Exercise requirements:
Repeat exactly the lines of the records below, starting at the line containing "A diagram showing" and ending at the line containing "Number 5 birthday". Leave the pictures out.

Data shown:
=======

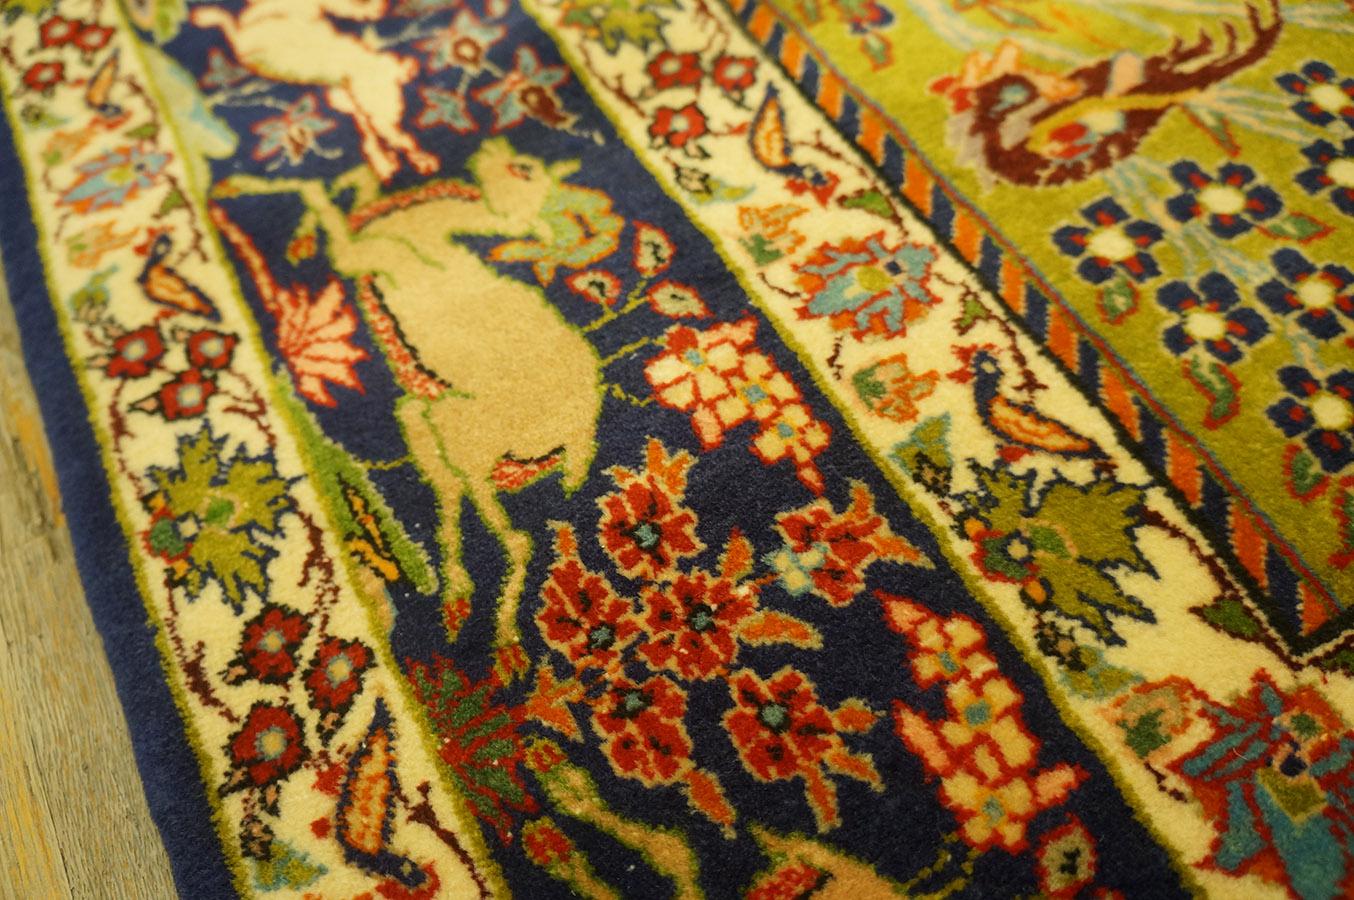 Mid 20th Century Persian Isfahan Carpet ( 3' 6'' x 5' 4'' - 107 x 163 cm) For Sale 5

=======

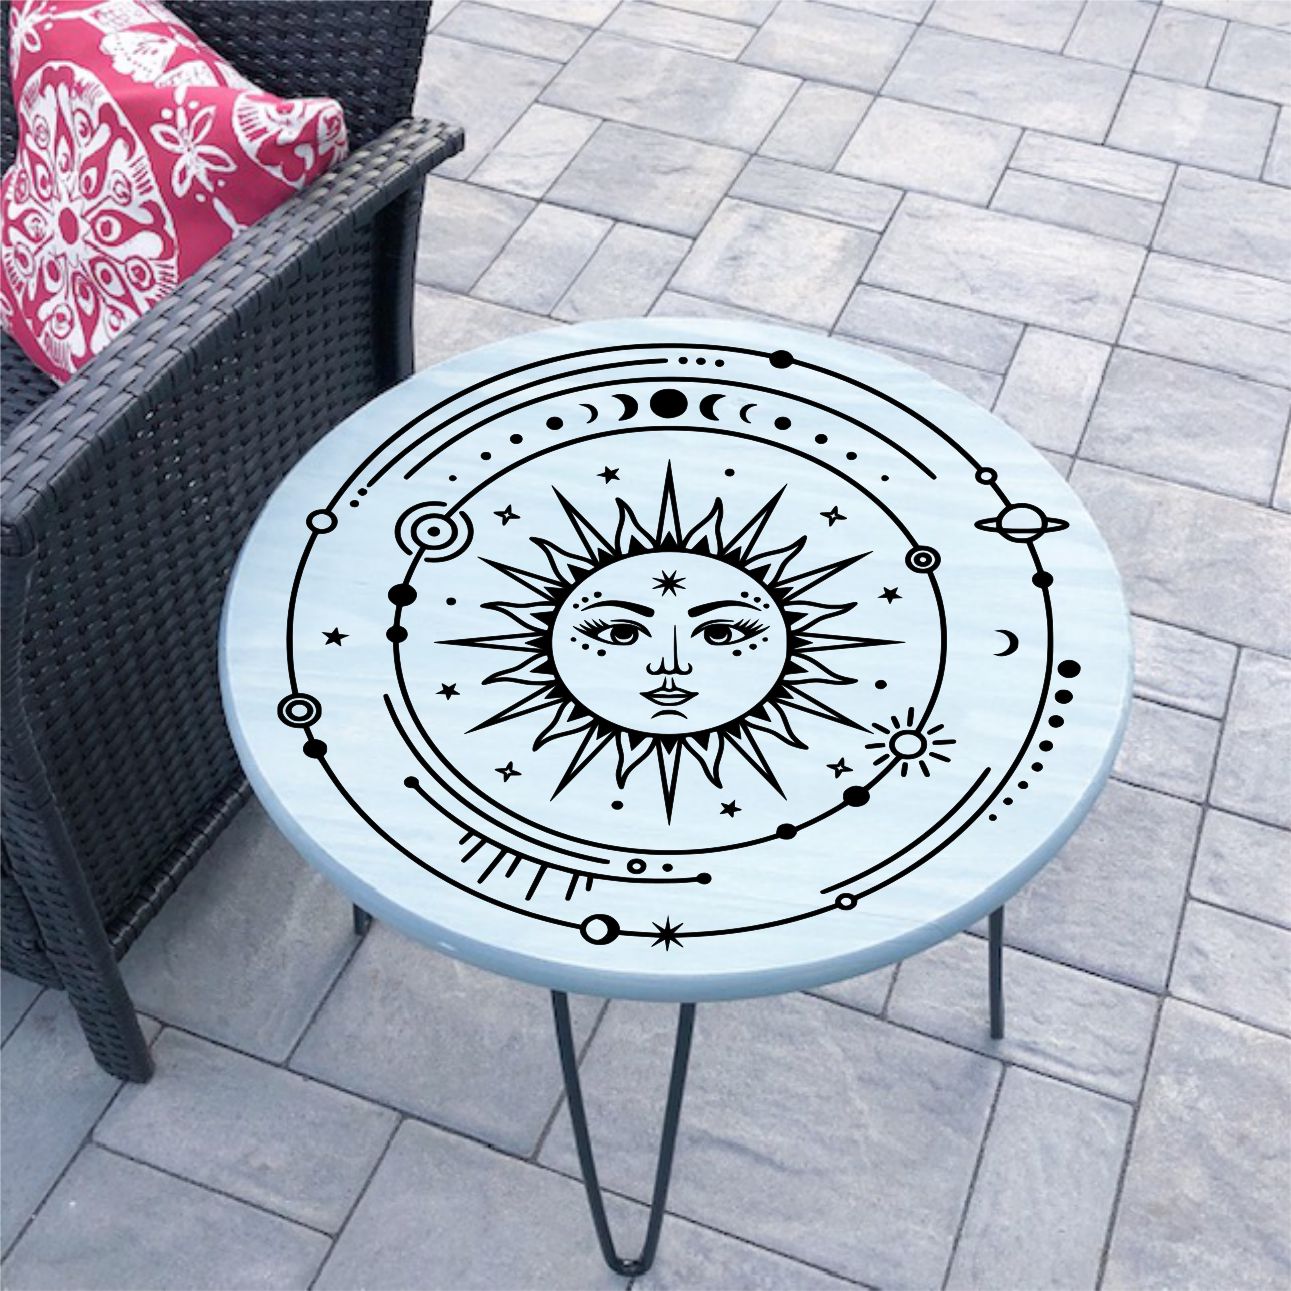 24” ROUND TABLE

=======

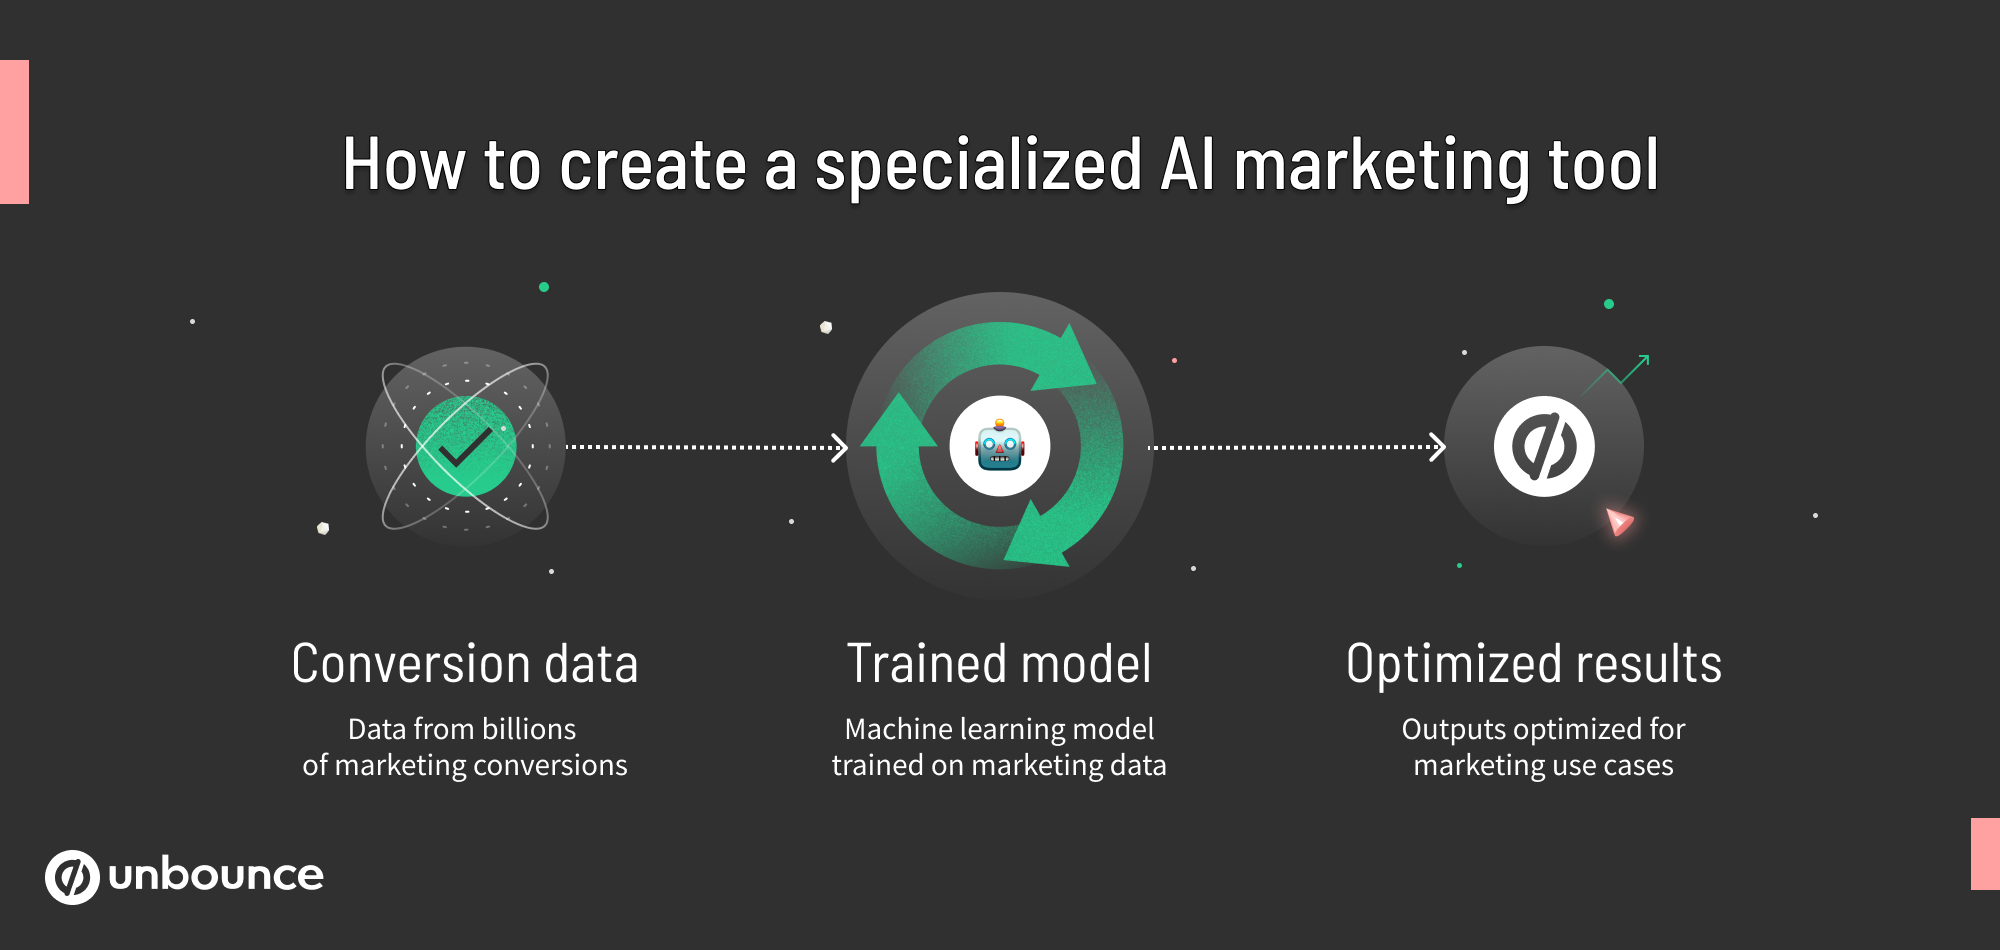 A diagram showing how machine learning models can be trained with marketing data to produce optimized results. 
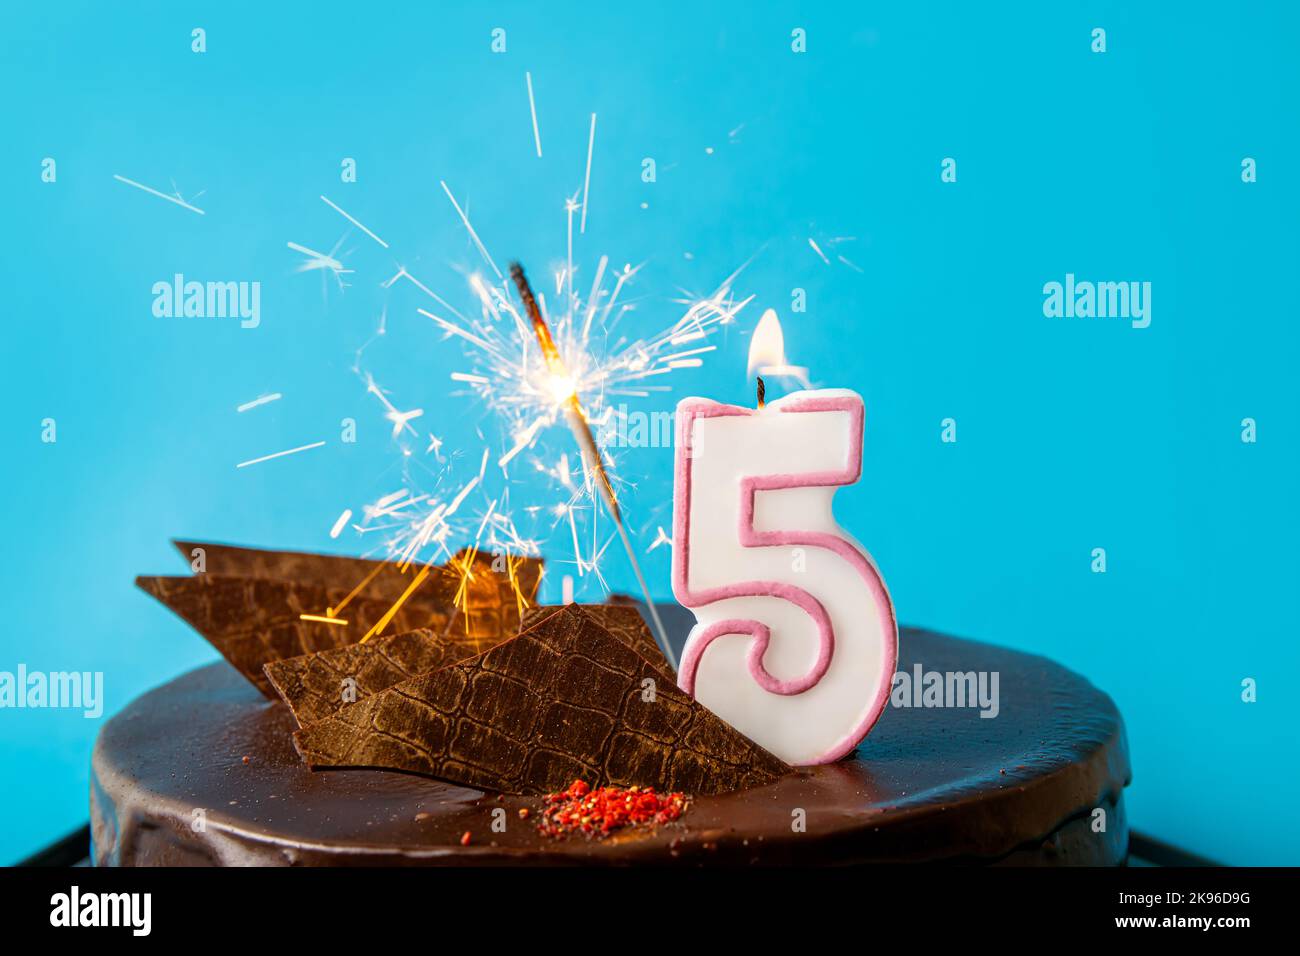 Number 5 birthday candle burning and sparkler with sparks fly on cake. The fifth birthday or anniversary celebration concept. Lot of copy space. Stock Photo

=======

Output of the exercise:
 A diagram showing how machine learning models can be trained with marketing data to produce optimized results. 
 Number 5 birthday candle burning and sparkler with sparks fly on cake. The fifth birthday or anniversary celebration concept. Lot of copy space. Stock Photo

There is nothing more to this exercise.